Drivy, a French startup that lets people hire out their cars in much the same way Airbnb runs a market for houses, said Thursday it raised 31 million euros ($35 million) to fund its continued expansion across Europe.

Already operating in France, Germany and Spain with 36,000 cars on its system, Drivy will use the new money to expand into many more European cities, including London, Paulin Dementhon, Drivy’s chief executive officer and founder, said in an interview. The company plans to open in three additional markets in 2016. Dementhon said Italy, the Netherlands, Portugal and Poland are interesting.

Drivy struck an insurance deal with Allianz SE to offer protection for drivers who use its service, covering them for civil liability and bodily injury, as well as the owner of the car for damage. The cost of this contract is built into the rental price.

Dementhon said Drivy would also be looking to offer more vans and small trucks for rent over its platform. “The market for commercial van rental is almost as big as the market for cars,” he said. Although Drivy initially targeted individuals looking to earn extra cash from their personal cars, Dementhon said the platform has begun to attract entrepreneurs and small businesses that are using it to make money renting fleets of vehicles.

Dementhon said the average rental length on the platform is currently about three days. Drivy is seeing more demand for day-long and even half-day rentals, he said, and the startup has been trying to find ways to make the rental process as instantaneous as possible.

To that end, the company is aiming to install its Drivy Open system — a piece of hardware installed into a car’s door locking mechanism that allows customers to unlock a vehicle with an app — more widely. Introduced in December 2015, only 300 cars in Paris and Berlin currently feature this system.

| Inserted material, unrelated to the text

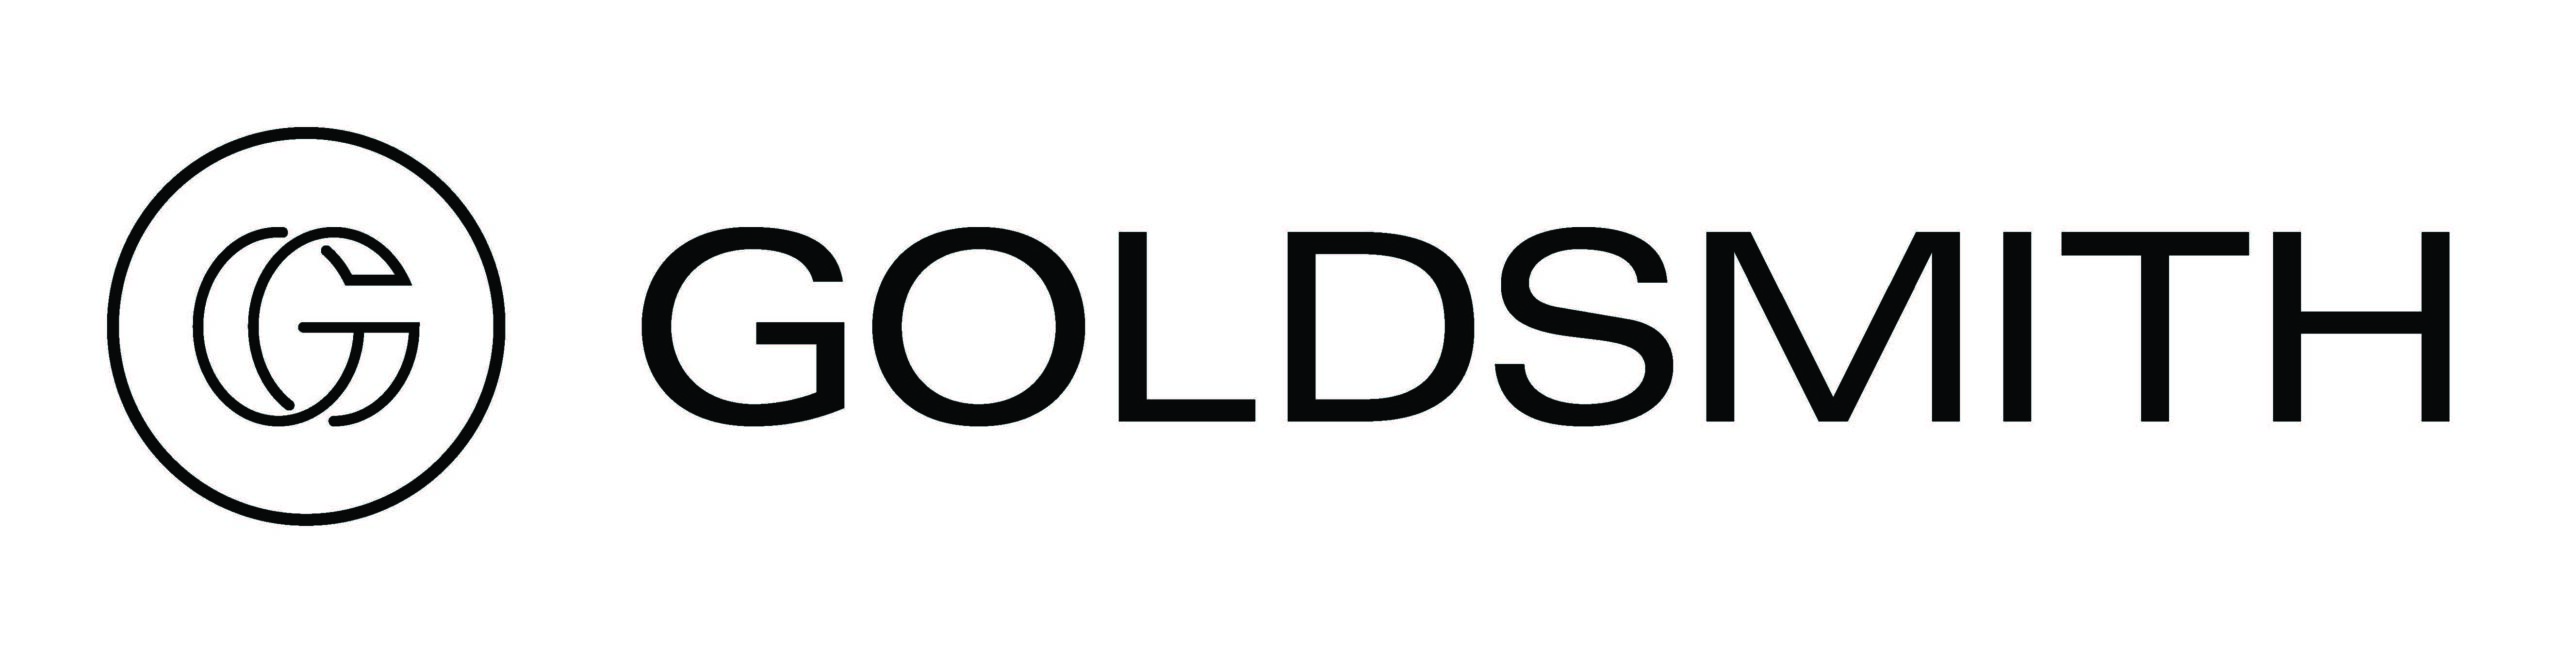 goldsmith logo

Major automotive players are exploring similar ambitions. Bayerische Motoren Werke AG’s Mini brand plans to build similar devices into its latest cars to let owners to rent them.

Cathay Innovation, the venture-focused arm of Paris-based private equity firm Cathay Capital, and Nokia Growth Partners, the venture arm of the Finnish telecom company, led the latest investment in Drivy. Bpifrance Ecotechnologies Fund, Via-ID and Index Ventures, which invested in the company previously, also participated in this round. The startup has now raised a total of 47 million euros in four investment rounds.

To contact the reporter on this story: Jeremy Kahn in London at [email protected]. To contact the editors responsible for this story: Nate Lanxon at [email protected], Alistair Barr

©2016 Bloomberg L.P.

This article was written by Jeremy Kahn from Bloomberg and was legally licensed through the NewsCred publisher network.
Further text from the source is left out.